As the contact commences, initially there is a rushing sensation, a kind of high with an intensity quite unlike anything else in the human experience. There is no drug one can take to duplicate this high. Some men devote their entire lives to military command just to experience those few fleeting moments when you hold in your hand the power of life and death over another human being. And some men go into a blackout, a blind rage which devastates them and from which they never recover.
But the high is only fleeting. Very quickly it is replaced with a numbing fear and excruciating terror. I once heard it said that when there are no more decisions to be made the fear goes away. That may be true enough but what you're left with is an indescribable horrible feeling of loneliness and emptiness. There is no place to go, no place to hide, no place to get away from it. "--- come and get me you little bastards, come and get me---". In a sense you soul has abandoned your body in anticipation of death and in that sense one is truly alone.
Suddenly -----
An enormous explosion a short distance off to my right flank. Dust, debris, and black smoke shoot high into the air. Oh, dear, God. Who will die today? I run over to see what's happened. I find our platoon lieutenant and a couple of others crouched down behind a rice paddy dike. The lieutenant says one of our guys is lying out in the rice paddy 10 or 12 yards in front of us. I peer over the top of the dike I see someone out there laying face down in the dirt. Is he dead, is he alive, we can't even tell who it is. We have to go out and get him. As the others put down a cover of rifle fire I jump over the top of the dike and run out into the rice paddy. I reach down, grab in by the shoulder and roll him over. I'm momentarily stunned. It's my friend, Ponce, my closest friend. He is lying in a pool DEAD! Just moments before on a short rest break we had talked and laughed together. And exchanged cynical jokes about the absurdity of it all. I recoiled back like having hot venom splashed in my eyes. For an instant time stands still: and the image of death and those lifeless eyes staring back at me will remain with me forever.

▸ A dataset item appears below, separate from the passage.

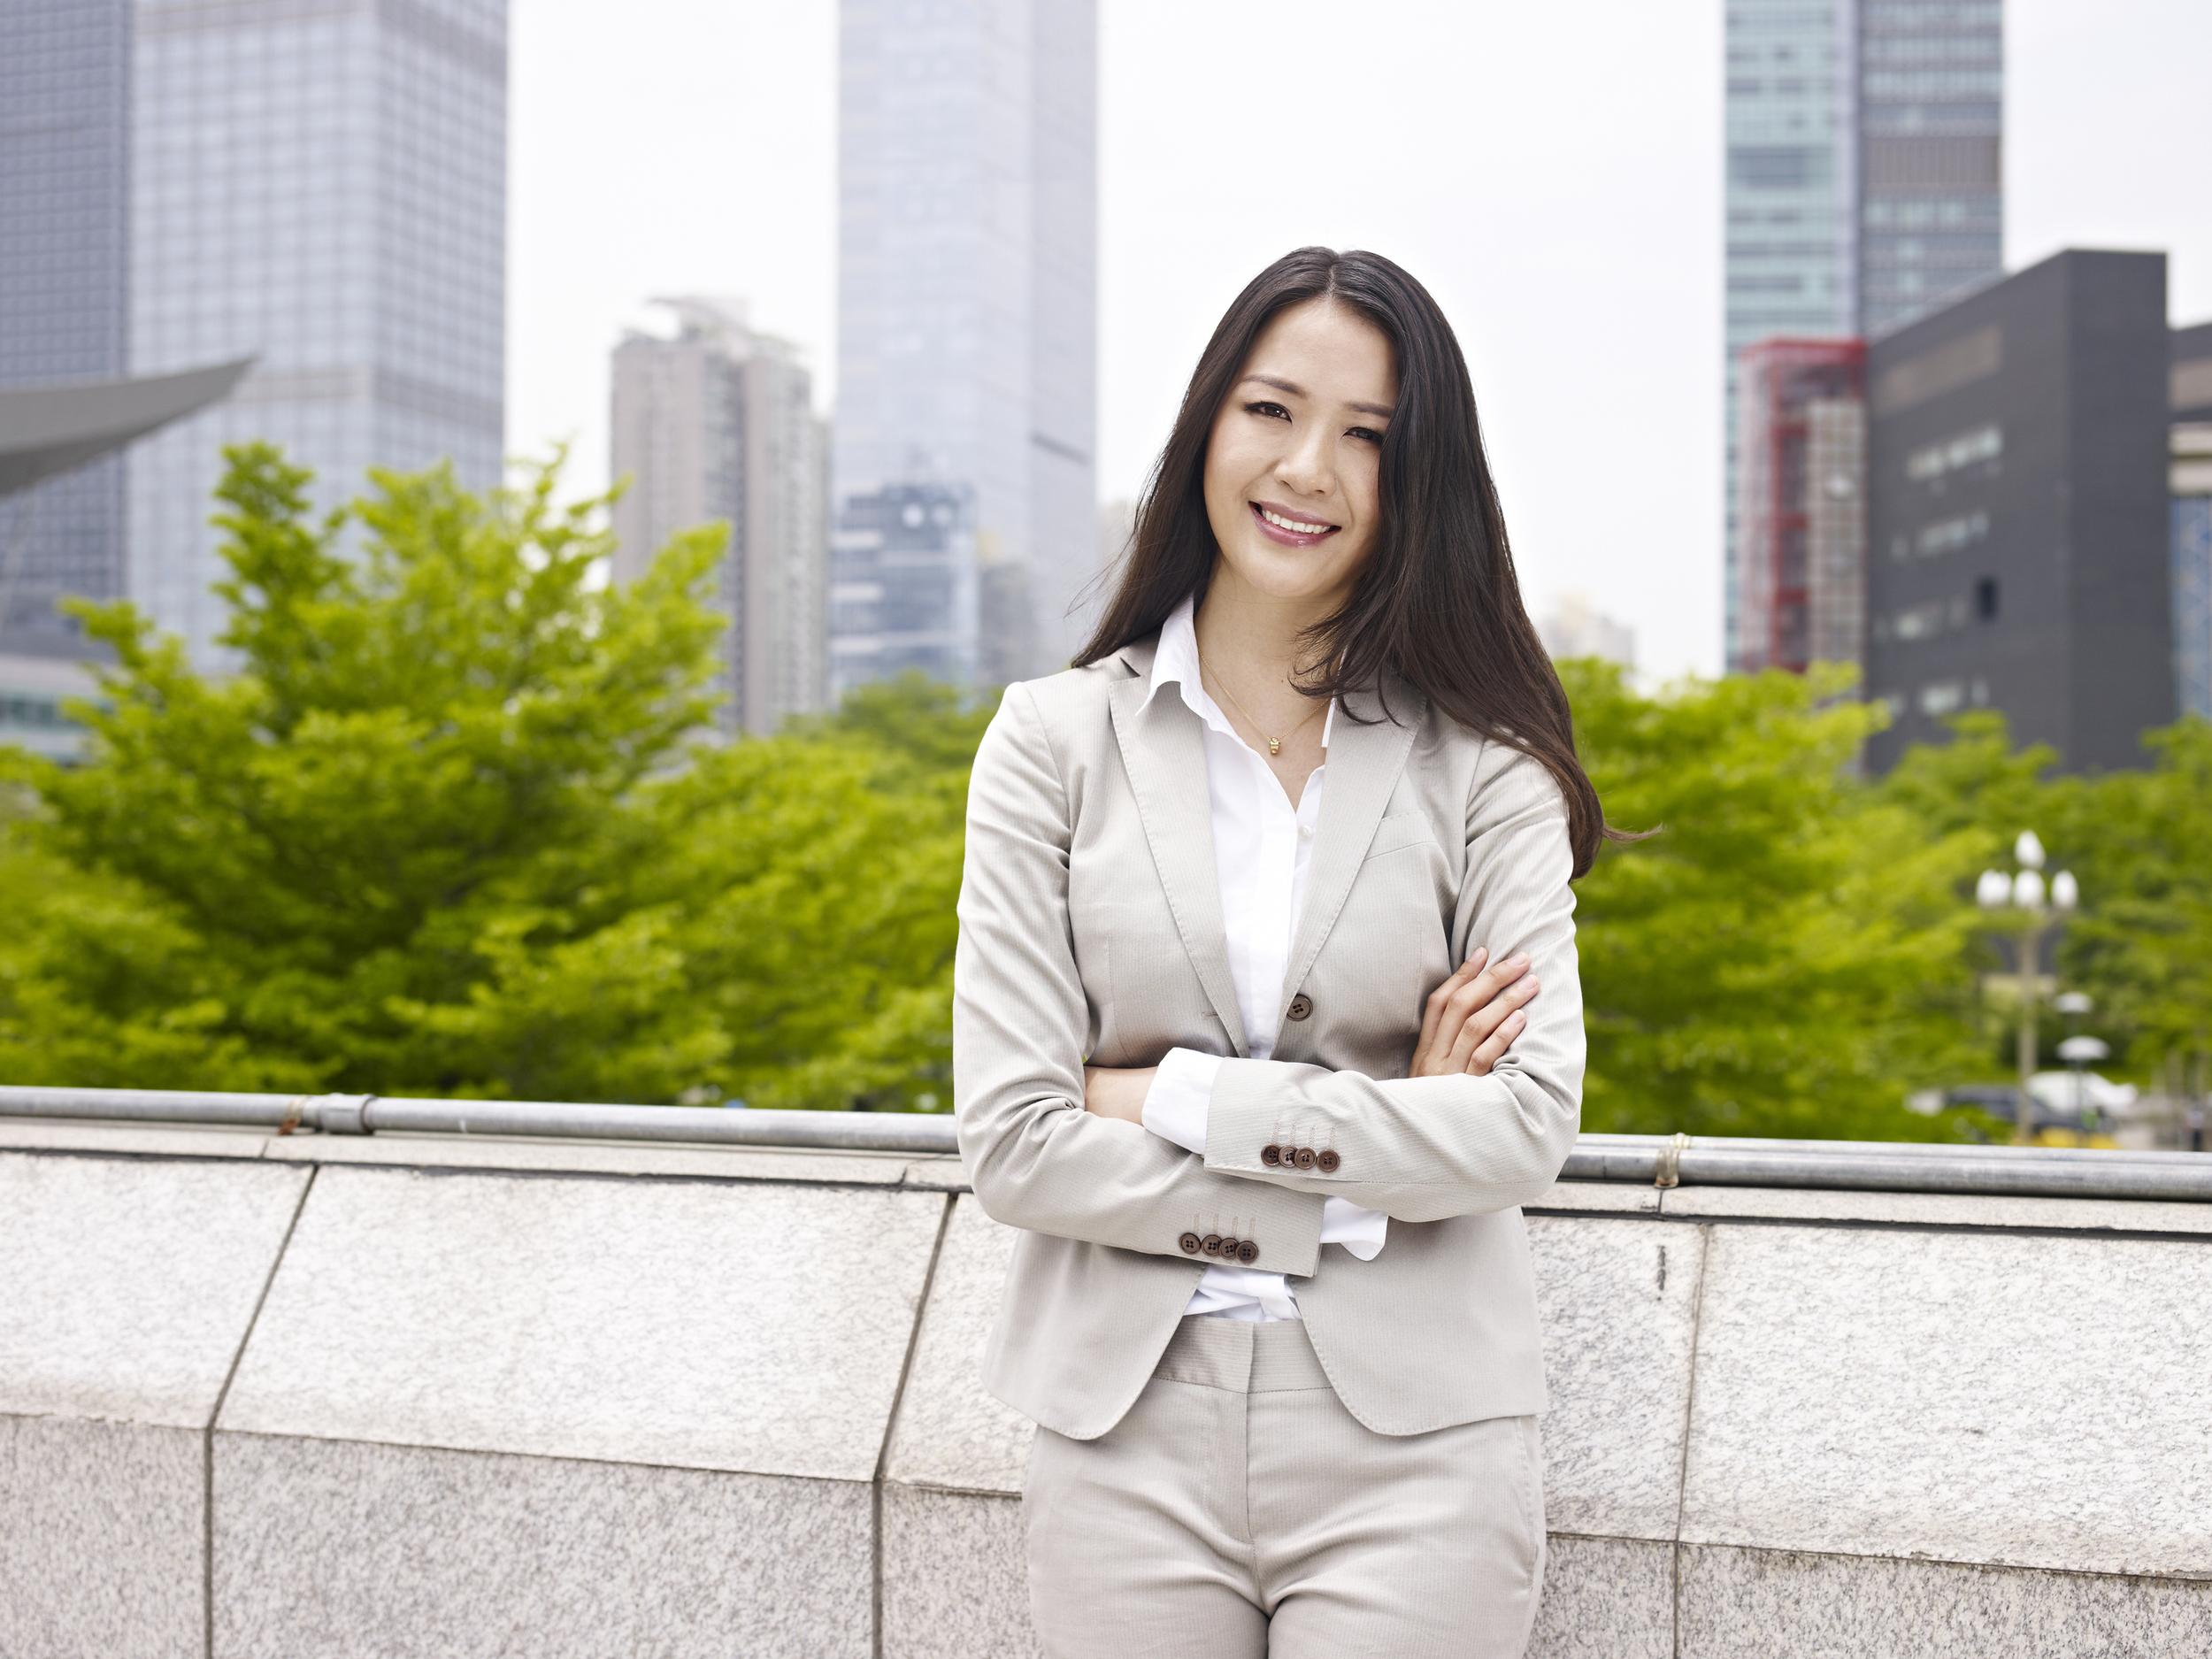 bigstock-Young-Businesswoman-70622032.jpg

Later that afternoon I loaded Ponce's body along with the other dead onto a helicopter to be taken away. I watched that helicopter disappear into the sky carrying those dead men. Along with the death destruction and violence of which I have been apart, a part of me has also died. But from Ponce's death a new facet of me has been born. From my friend's death I have learned how to cry.
The Present Day ------
Two days before that time my platoon was 29 men strong, the strongest field strength we ever had. That evening there was eleven of us left: battered, bewildered, shocked. It took two decades to understand and comprehend the inferno into which I had descended: the animal which I had become. There is a beast that lives deep within all of us and with some it lurks just beneath the surface. I live each day of my life struggling not so much with the moral dilemma of having killed but with the knowledge that I am capable of doing it. There is but one act that can rival the futility of taking life and that is the joy of giving life --- the birth of my two children.